Hi, unfortunately we won't be able to come to the meet yet again :-( we're going to Birmingham on the Thurs and Fri to meet our donor so have had to organise our week around that. We hope you have a great time!!

Rach and co x


----------



## pem (Jan 10, 2007)

We be coming- 3 of us...11.30 sounds good to me!

Rach - bummer!! loads of    for this time round!


----------



## lmb15 (Jun 12, 2009)

Me and Laura will be there. 11.30am is fine with us  
Merry Christmas everyone!!  
Lisa x


----------



## southern_angel (Jun 16, 2008)

I'm really hoping to be there although it's possible that I'll be in London for insems instead (I will probably ovulate earlier and my donor is away until the 3rd, so it's unlikely but possible).


----------



## magsandemma (Oct 18, 2006)

Hi there

The 3 of us will be coming, it does say on the pub website about booking for parties of up to 20 people, may be better to book to secure some highchairs too if possible, not sure what time we will get there tho as we will be leaving home sun morning as Em working til 11.30pm on sat and will take us about 2hrs or so, what time are you thinking for lunch, we may do wacky playarea after lunch depending on how Lou is.  

Maggie


----------



## lmb15 (Jun 12, 2009)

Was just wanting to make sure of the plans for tomorrow:

so, are we meeting at 11.30ish, at the Fort Jester place?
how many of us are going?

See you tomorrow.

Lisa x


----------



## southern_angel (Jun 16, 2008)

Hi all,

Unfortunately I think I'm unlikely to make this now, feeling pretty grotty with a cold that I wouldn't want to inflict on you and your LOs :-( 

Hope you have a great time 

Angel x


----------



## pem (Jan 10, 2007)

we should be there weather permitting.....


----------



## lesbo_mum (Dec 22, 2008)

We cant make it now  

Dp's grandad is not well he slipped on the ice and has done his hip in so we are staying with him to look after him.
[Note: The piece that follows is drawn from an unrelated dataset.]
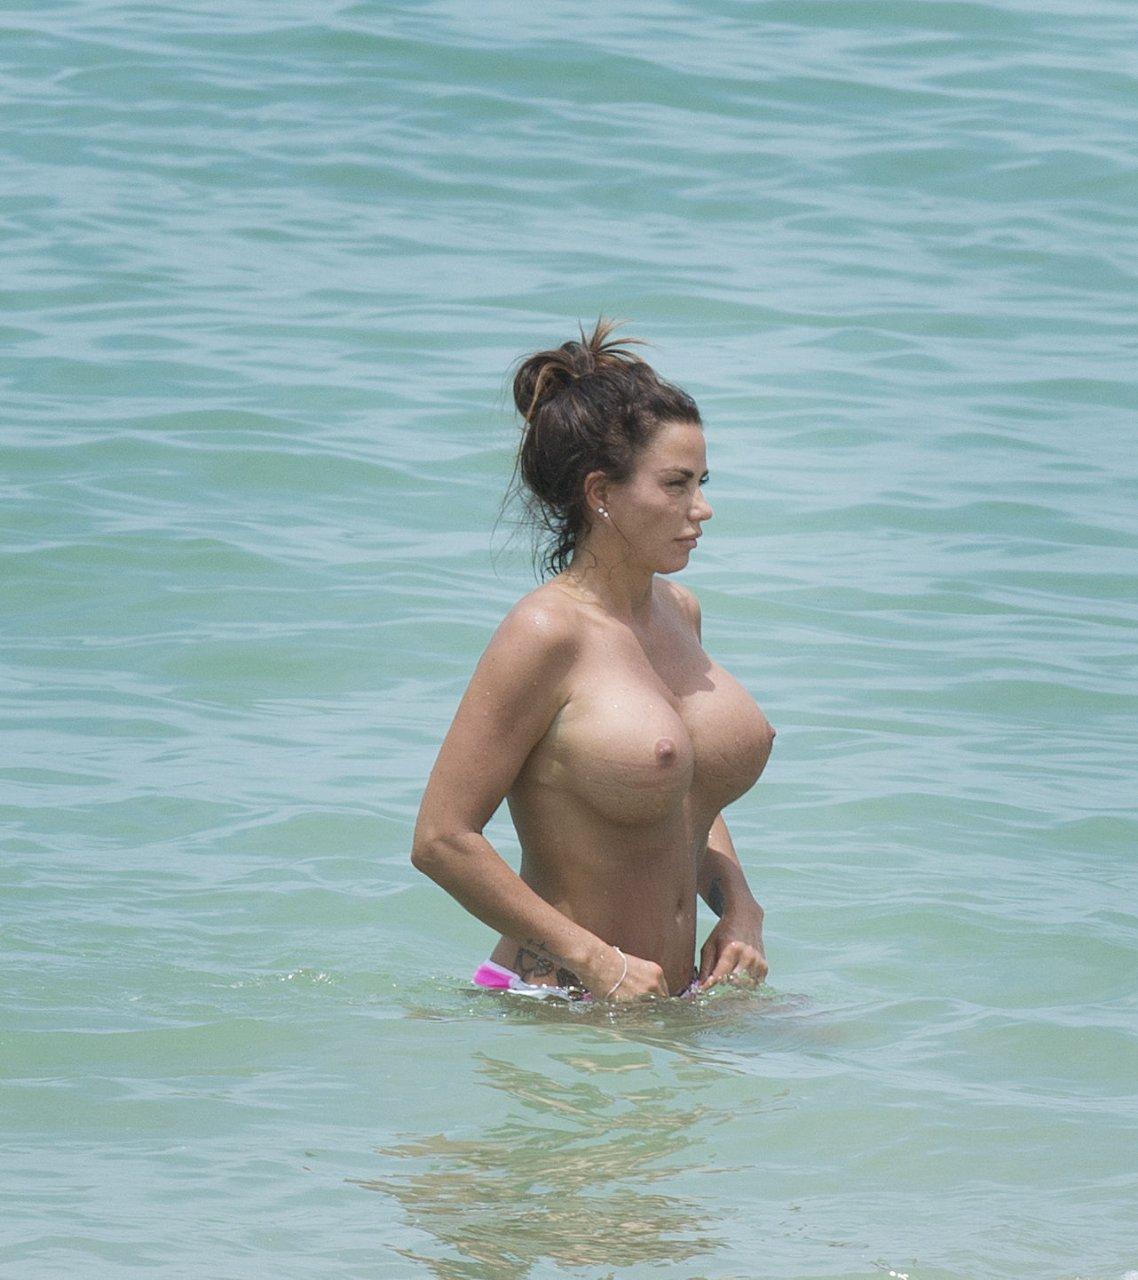 Katie-Price-Topless-TheFappeningBlog.com-15.jpg

Hope everyone has a fab time and make sure you all take some pics


----------



## pem (Jan 10, 2007)

looks like weather just stopped us, we have a LOT of snow up here.....have a great time peoples....bloomin snow..


----------



## snagglepat (Sep 13, 2004)

Em, oh no! I'm sorry to hear about DP's Grandad's fall. I hope he heals quickly. It's a real shame you can't make it.

Pem, that's mad about the snow. We're only an hour away from you and we have none at all! Please do come if it miraculously clears overnight. Numbers are dropping rapidly...

We are still planning to come. We're still in recovery from a long, lingering bug that has had us all out of commission since before Christmas so will probably still be sniffly, but we're over the worst so unless the snow hits us in the mean time we'll be there for about 11:30.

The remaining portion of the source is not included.